Cosa ha di diverso Galaxy Z Fold 8 Ultra?
Samsung ha cambiato la geografia della propria gamma. Il Galaxy Z Fold8 è diventato il modello più compatto e largo, mentre il Fold8 Ultra raccoglie l’eredità diretta del Fold7. La parola “Ultra” serve a chiarire due cose: questo è il modello con le specifiche migliori ed è anche quello destinato a prosciugare il conto corrente con maggiore efficienza. La prima differenza rispetto ai vecchi Fold si percepisce prima ancora di accendere lo schermo. Il Fold8 Ultra misura 4,1 millimetri da aperto, pesa 215 grammi e offre un display interno da 8 pollici. È sottile quasi quanto uno smartphone tradizionale e pesa meno di alcuni telefoni rigidi con vocazioni fotografiche. Samsung dichiara inoltre uno schermo esterno da 6,5 pollici.
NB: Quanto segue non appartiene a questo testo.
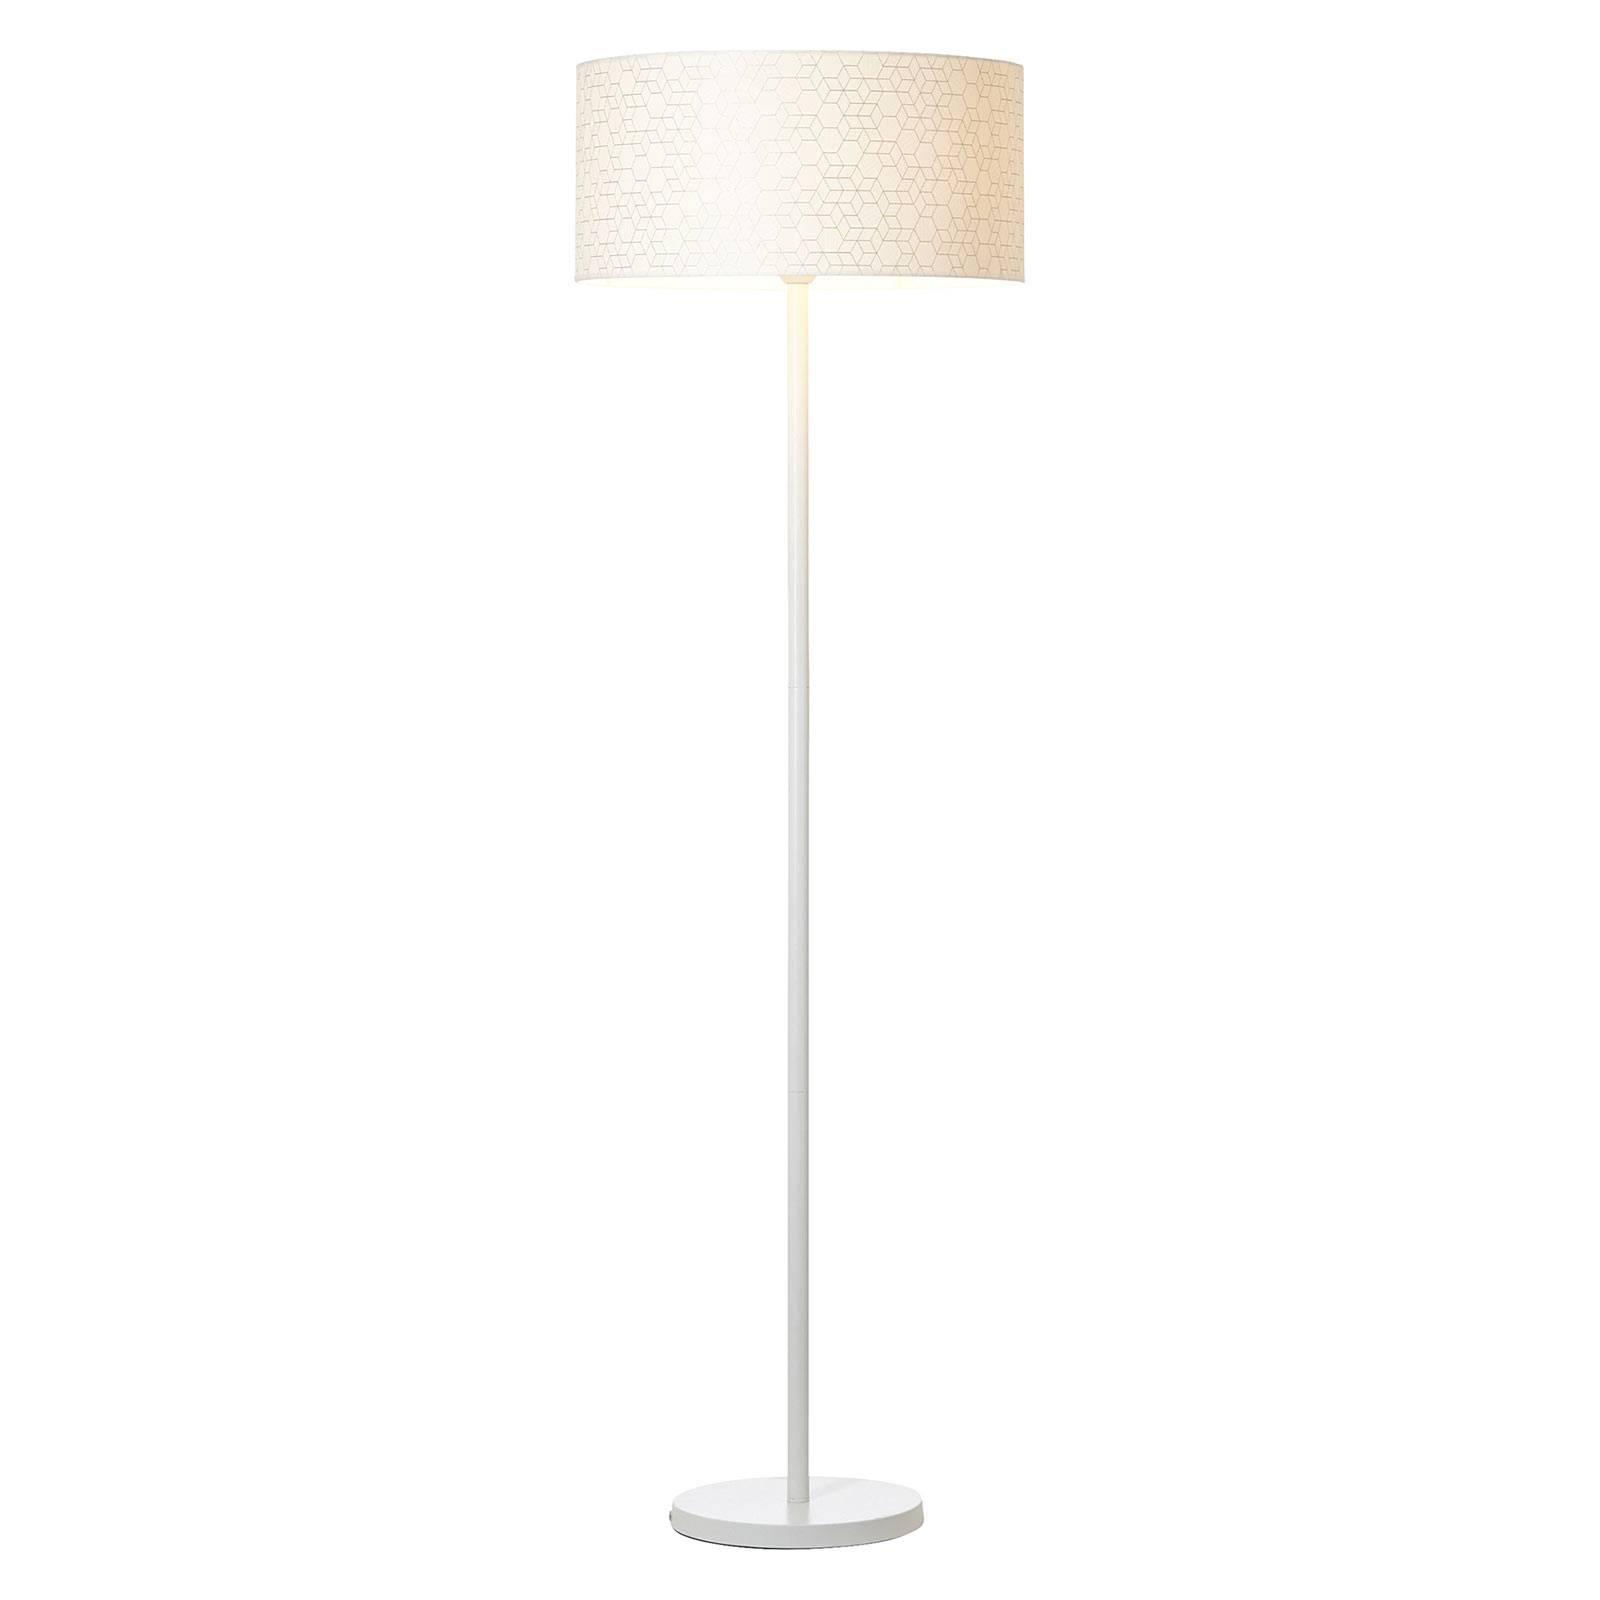 Lampadaire Galance, blanc avec pied en métal

I numeri raccontano solo metà della storia. L’altra metà passa dalle dita.
I bordi sono più smussati rispetto al Fold7. Lo spazio nel quale infilare il pollice per aprire il dispositivo è più generoso. Sono dettagli piccoli, ma nei pieghevoli i dettagli meccanici contano quanto il processore. Una cerniera scomoda viene utilizzata cinquanta volte al giorno. Dopo una settimana diventa una tassa ergonomica.